In the case of Mendoza vs. Pilapil 2 (40 Off. Gaz., 1855, No. 9, June 27, 1941), the attestation clause did not state
the number of pages of the will. However, it was held that this deficiency was cured by the will itself, which
stated that it consisted of three pages and in fact it had three pages.
In the case of Rallos vs. Rallos (44 Off. Gaz., 4938, 4940, No. 12, October 23, 1947), decided by the Court of
Appeals, the attestation clause (translated in Spanish) reads as follows:
Nosotros, los testigos, certificamos que este que hemos firmado es el testamento y ultima voluntad, que
se ha redactado en cuatro paginas, de Numeriano Rallos, quien despues de leer y de leer y de leerle el
mencionado testamento, y despues de que ella dio su conformidad, firmo y marco con su dedo pulgar
derecho en nuestra presencia y en presencia de cada uno de nosotros, que asimismo cada uno de
nosotros, los testigos, firmamos enpresencia de la testadora y en presencia de cada uno de nosotros.

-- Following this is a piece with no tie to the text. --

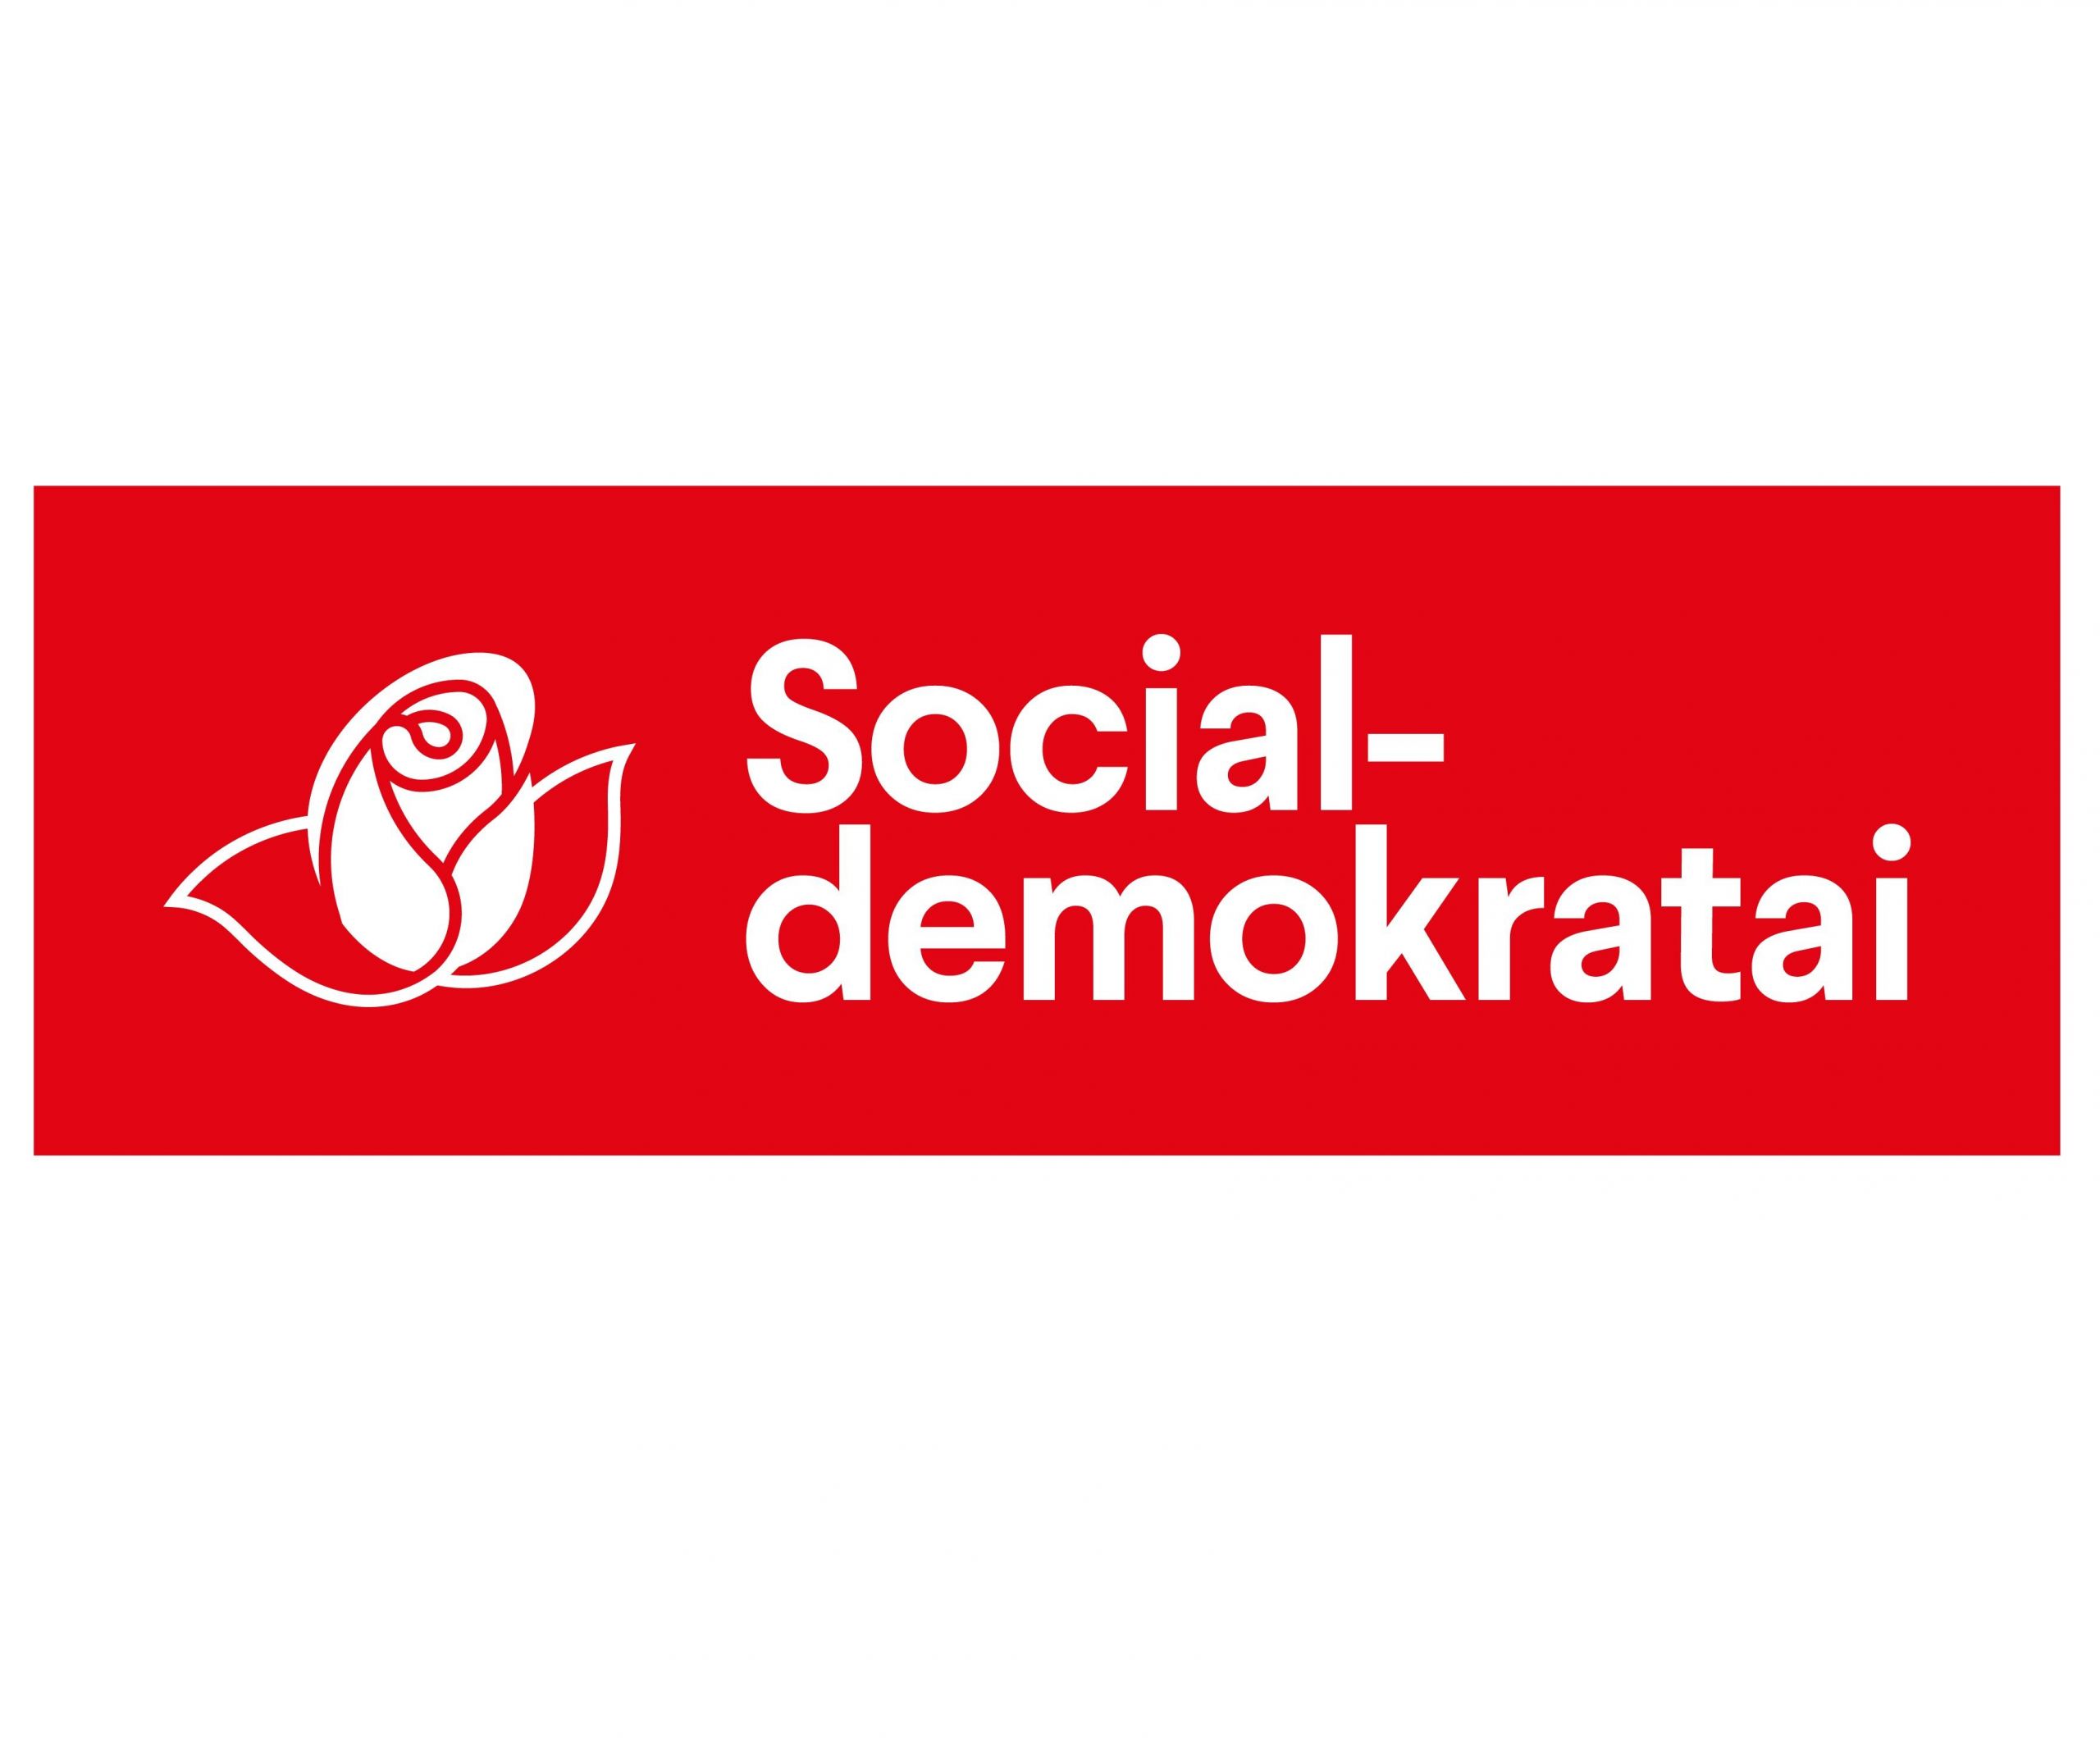 Socialdemokratams ir Lietuvoje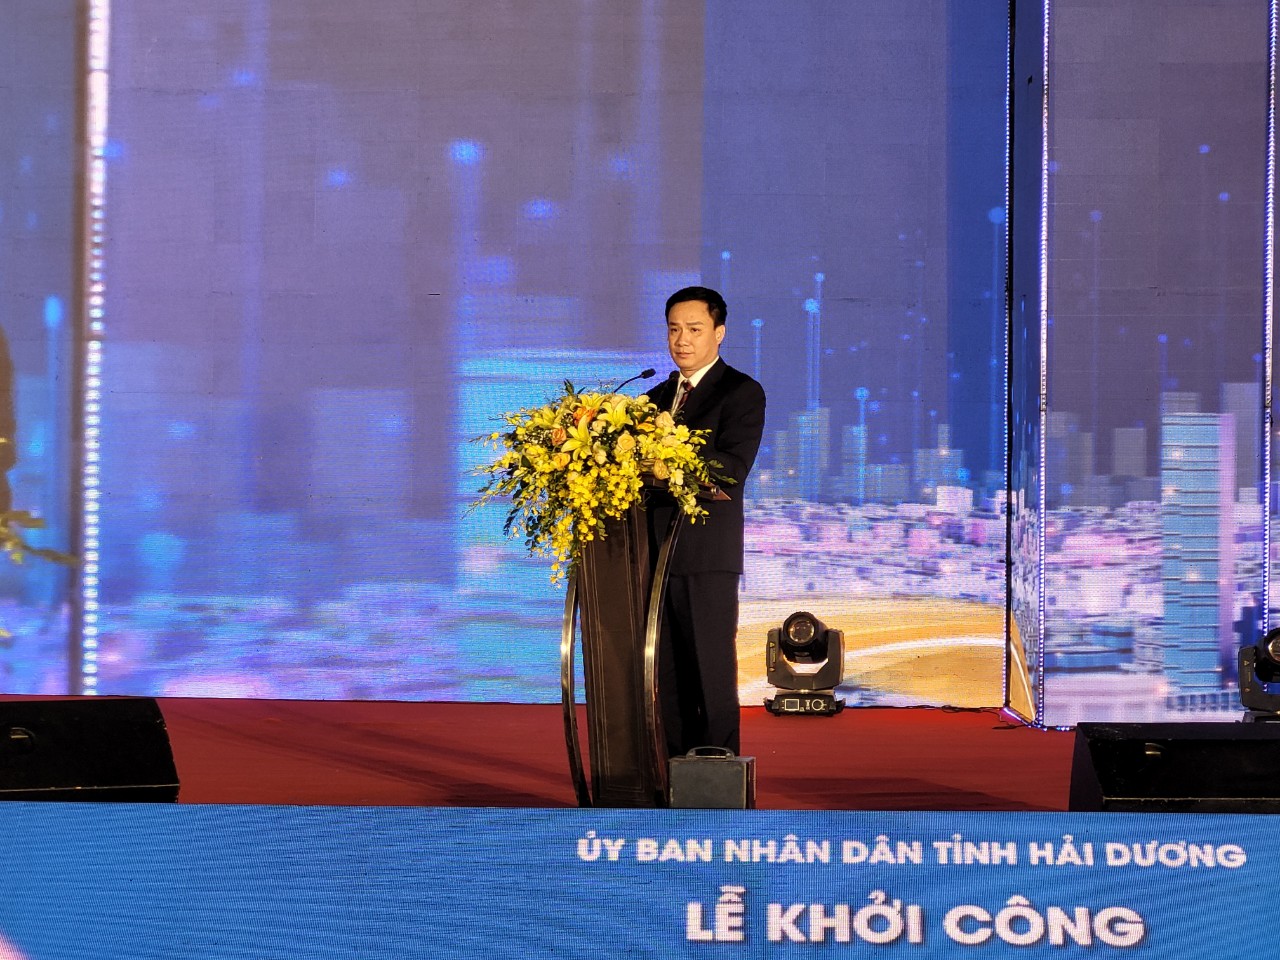 Ông Triệu Thế Hùng, Chủ tịch UBND tỉnh Hải Dương phát biểu tại buổi lễ khởi công. Ảnh: Thanh Sơn

It will be noticed that the only thing omitted is the statement as to the signing of the testatrix and the witnesses
of each and every page of the will, but the omission is cured by the fact that their signatures appear on every
page. This attestation clause is different from that involved in the present case.
There is no reason why wills should not be executed by complying substantially with the clear requisites of the
law, leaving it to the courts to supply essential elements. The right to dispose of property by will is not natural
but statutory, and statutory requirements should be satisfied.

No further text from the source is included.